Testing and Validation
- Worker-state tests. //donner/editor/tests:async_renderer_tests asserts that hasRenderInFlightForTesting() is true only while the worker may still be touching the document, and false for staged DoneState results.
- Determinism matrix. DrainEachFrameContentCaptureIsDeterministicAcrossPaceAndDelay runs a focused replay under {pace on/off} x {0,5,10,20,50 ms} and asserts byte-identical captures plus a stable canonical diagnostics projection.
- Content-only capture. ContentOnlyDocumentCanvasCaptureMatchesRendererGroundTruth verifies that static-scene readback excludes overlay/chrome and matches a cropped svg::Renderer::draw ground truth.
- ConcurrentDom safety. //donner/editor/tests:editor_layer_stress_tests covers busy-gated clicks, cancellation, structural remap, and UI reads while the worker is controlled deterministically.
- Red->green per test. The red step is recorded by landing or locally running the failing assertion on the broken path before switching to deterministic scheduling. CI should contain only stable positive assertions.

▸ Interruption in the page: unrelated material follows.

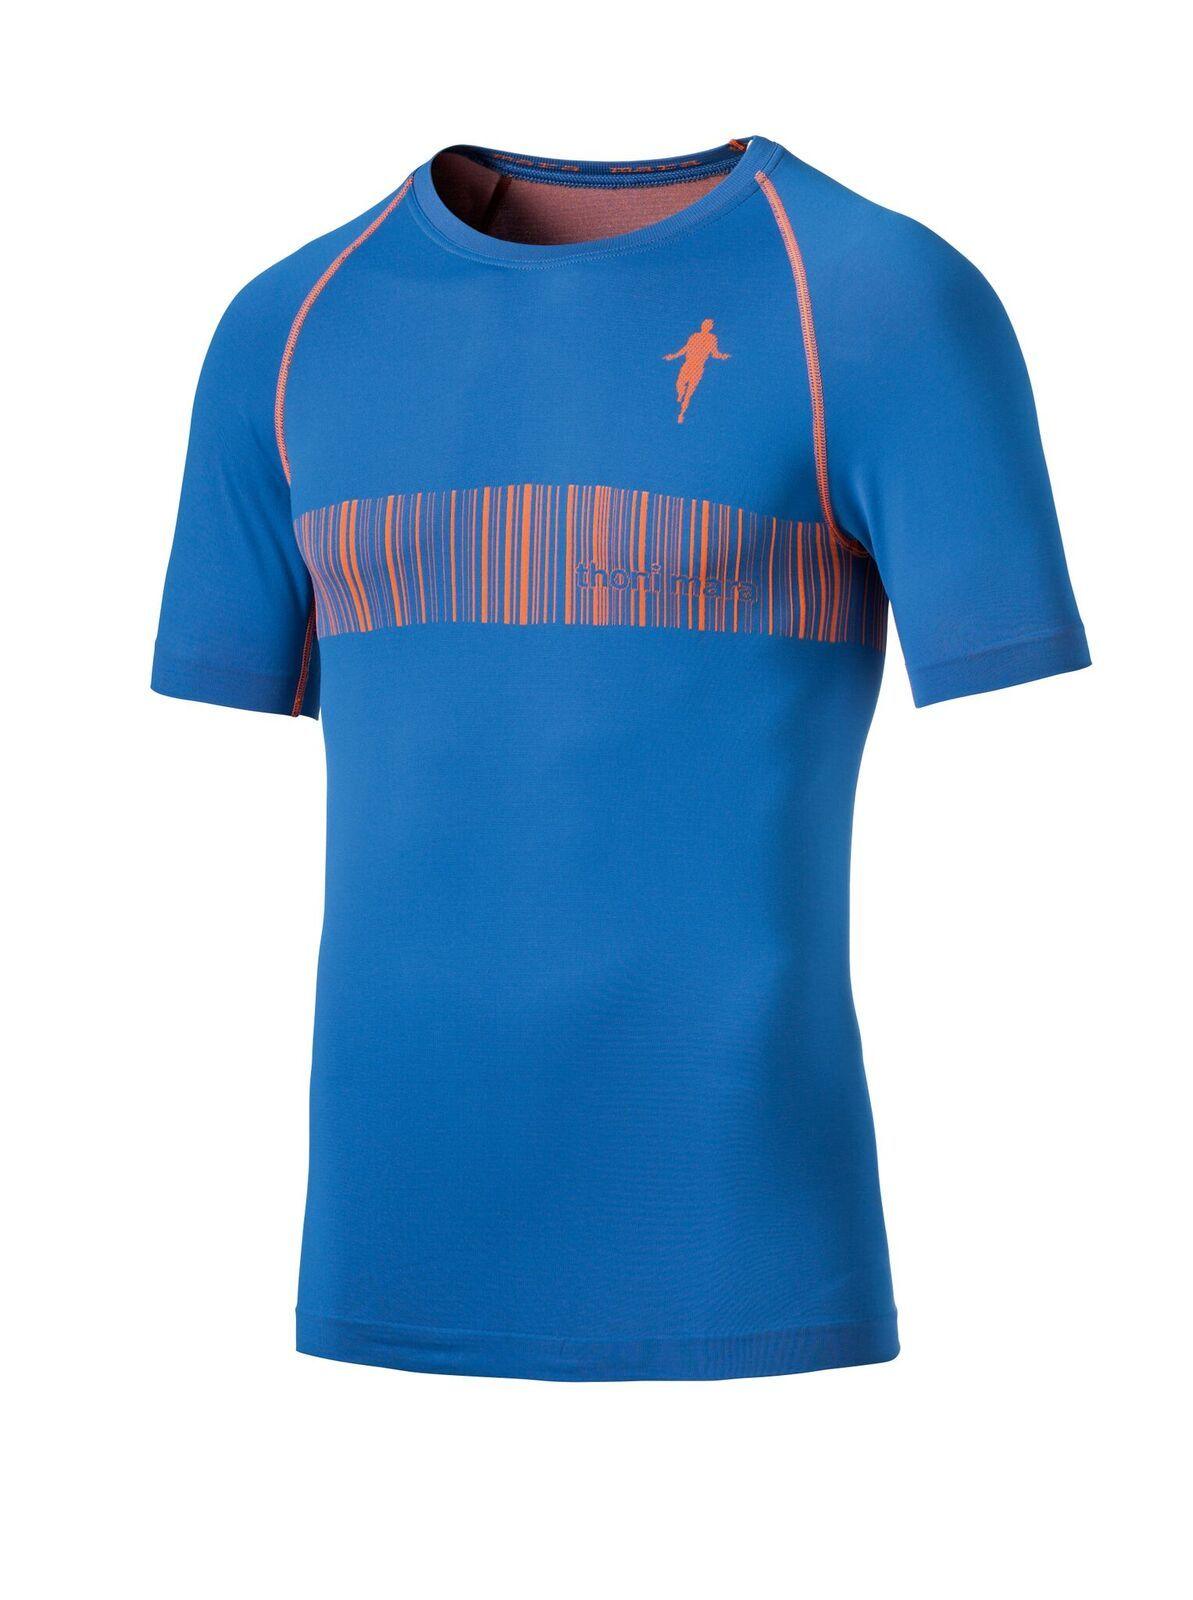 Thonimara Ti Shirt EAN in Grau Orange

- Local GPU caveat. Geode GPU targets fail on the Intel Arc + Mesa dev box (issue #542, environmental); validate Geode coverage on CI.
Open Questions
- Should the 120 ms canvas-commit throttle (RenderCoordinator::kCanvasSizeCommitDelay) be routed through a replay virtual clock, or is worker landing the only nondeterministic input for the tests we re-enable? Add throttle virtualization only when a test proves it is needed.
- Which UI-thread live-document reads need production read guards versus replay drains? The answer should come from the disabled ConcurrentDom tests, not from broad speculative locking.
- Is recording per-render virtual durations into .rnr ever worth the format change? Deferred unless the synthetic modes prove unfaithful.
Reversibility
The runtime changes are behind defaults that preserve production behavior. Reverting removes the replay options, delay/hold hooks, content-only capture mode, and the re-enabled tests. If review decides a GL replay variant is redundant with narrower coverage, deleting that dead test is part of the change rather than a rollback hazard. No production data or .rnr format changes.